Harris: Alle feiern an sich, dass es diese Serie gibt und dass wir einen Schwarzen Protagonisten haben, mit dem wir mitfiebern. Ich höre immer wieder, dass es ein empowerndes Gefühl sei, sich selbst auf der Leinwand oder auf dem Fernsehbildschirm wiederzufinden.

Bauer: Ich kriege auch sehr viel Zuspruch, die Leute freuen sich einfach über die Serie.

Gab es auch Kritik?

Harris: Schon, was die Sprache betrifft – man hört nämlich ein paarmal das N-Wort. Aber dazu muss man sagen, dass die Serie einfach in einer anderen Zeit spielt und versucht, die Realität abzubilden, in der Samuel nun mal lebte. Das ist natürlich schwer vereinbar mit heutigen „Standards“. Aber auch die Kritischen sind froh darüber, dass man heute so eine Serie realisieren kann. Vor nicht allzu langer Zeit wäre das unmöglich gewesen.

Bauer: Das ist auch nicht nur so dahingesagt – Jörg und Tyron (Jörg Winger und Tyron Ricketts, Drehbuchautoren der Serie, Anm. d. Red.) wollten die Serie schon 2006 verkaufen und haben von Redakteuren, die öffentlich-rechtliche Gelder verwalten, immer nur gehört: „Ein Schwarzer Protagonist in Deutschland, so weit ist unser Publikum noch nicht.“

Nach seiner Zeit bei der Polizei beging Meffire Raubüberfälle und musste für sieben Jahre ins Gefängnis. Wie ist es, so eine ambivalente Figur zu spielen?

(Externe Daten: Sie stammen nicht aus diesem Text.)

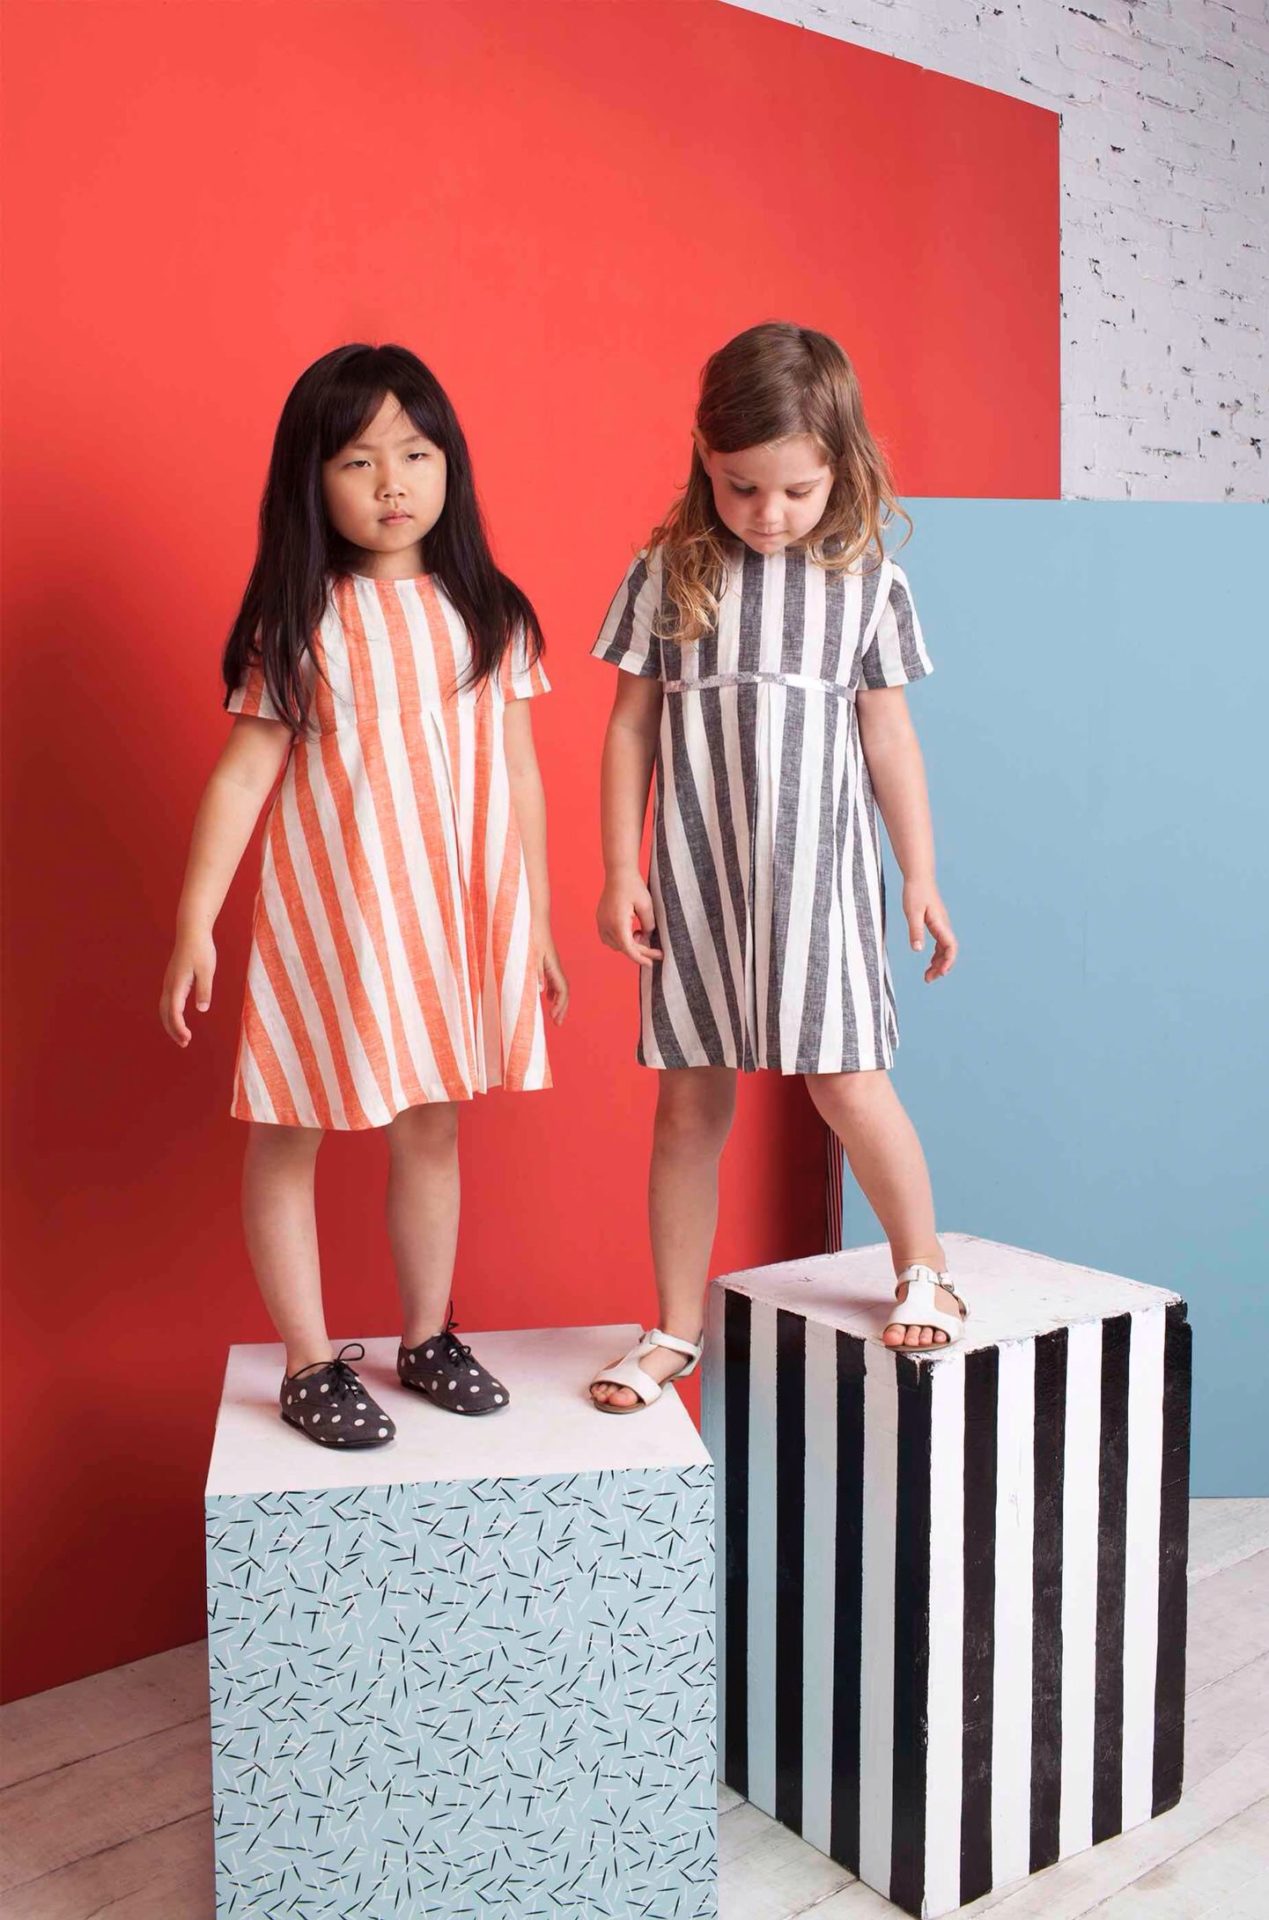 Bold stripes for girlswear at Milk & Biscuits summer dresses

Bauer: Meffire ist eine streitbare Person, aber jemand, den ich im echten Leben sehr schätze. Während der Produktion hatten wir häufig Kontakt, er hat mir seine Autobiografie „Ich ein Sachse“ während des Drehs in der Rohfassung anvertraut. Gleichzeitig hat er nie von mir erwartet, dass ich ihn besonders moralisch darstelle oder Ähnliches. Ich habe die Figur vielschichtig und ambivalent gehalten, um nicht einfach nur ein Opfer des Rassismus ohne freie Entscheidungsgewalt zu zeigen.

Warum ist es so wichtig, die Geschichte von Samuel Meffire zu erzählen?

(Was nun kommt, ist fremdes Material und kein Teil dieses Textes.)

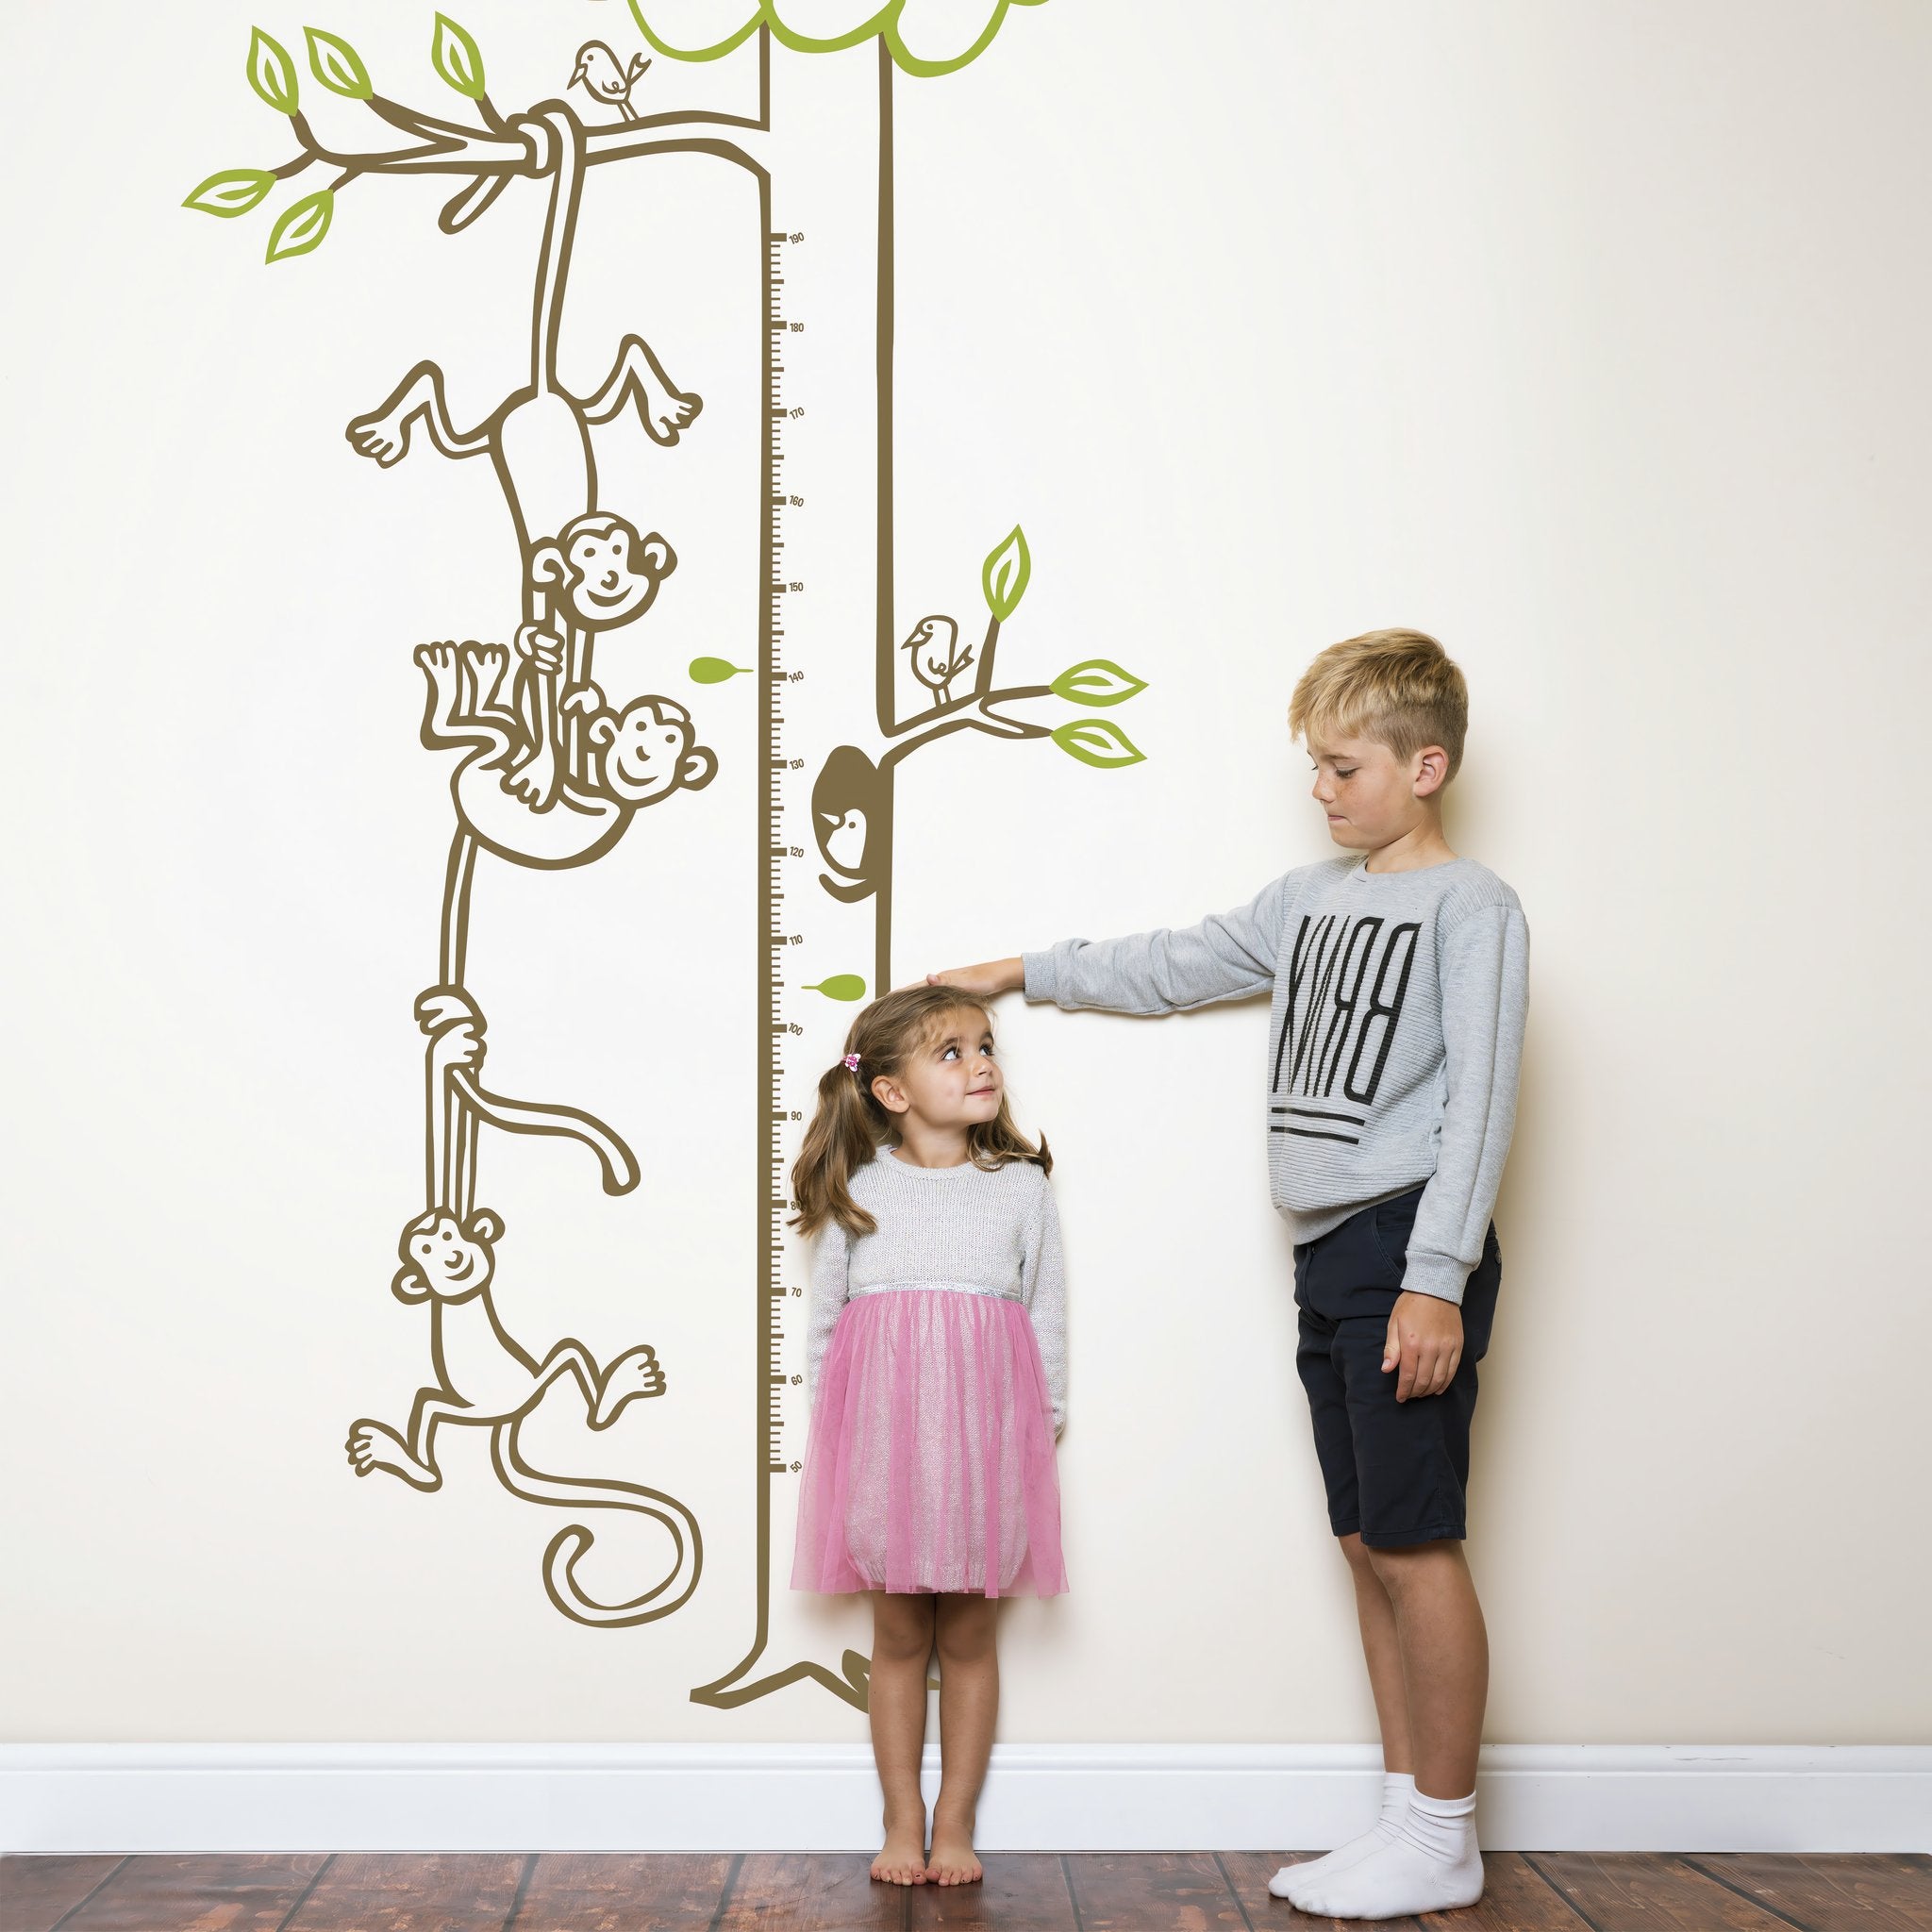 Height chart wall sticker with monkeys hanging from a tree to form a chain with a young boy and girl nearby.

Bauer: Minderheiten wurden zu lange zu „den Anderen“ gemacht – deswegen ist es wichtig, Geschichten zu erzählen, die ihre Perspektive in den Mittelpunkt stellen. Und damit meine ich nicht nur Schwarze Männer, sondern meinetwegen auch eine 60-jährige, asiatisch gelesene Frau. Man darf nicht immer nur für die eigene politische Position kämpfen. Rundfunkbeitrag zahlen wir alle nicht freiwillig, sondern als deutsche Gesellschaft – wäre doch schön, wenn wir uns alle mal auf den Bildschirmen wiederfinden.

Sam – Ein Sachse
„Ich habe die Figur vielschichtig und ambivalent gehalten“, sagt Malick Bauer über die Rolle des Samuel Meffire

Apropos Repräsentation: Hättet ihr euch so eine Serie als Jugendliche auch gewünscht?

Harris: Ich glaube, jeder, der ausschaut wie wir, würde das mit Ja beantworten. Das sieht man auch an diesen süßen Reaction-Videos auf die neue Schwarze Arielle. Ich glaube, gerade wenn man jung ist, kann das Selbstvertrauen schaffen, später ganz unterschiedlichen Dingen nachzugehen. Also: Wenn ich groß bin, dann kann ich Polizist werden oder auch Schauspieler wie Malick.

Bauer: 100 Prozent.

Wie ist es für euch selbst als Afrodeutsche, die Serie zu gucken?

Harris: Für mich ist es eine Achterbahn der Gefühle. Bei einer Szene muss ich mich besonders emotional wappnen (lacht). Es ist das Bundestreffen der Initiative für Schwarze Menschen in Deutschland, wo May Ayim (eine deutsche Dichterin, Pädagogin und Aktivistin, Anm. d. Red.) als Ikone der afrodeutschen Community einen Auftritt hat. Man hat diesen Raum voller Schwarzer Menschen, in Deutschland ja einfach ein seltenes Bild, dazu hört man „Zuhause“ von Joy Denalane. Da heule ich jedes Mal.

Steht „Sam – Ein Sachse“ symbolisch dafür, dass die Filmindustrie in Deutschland diverser wird?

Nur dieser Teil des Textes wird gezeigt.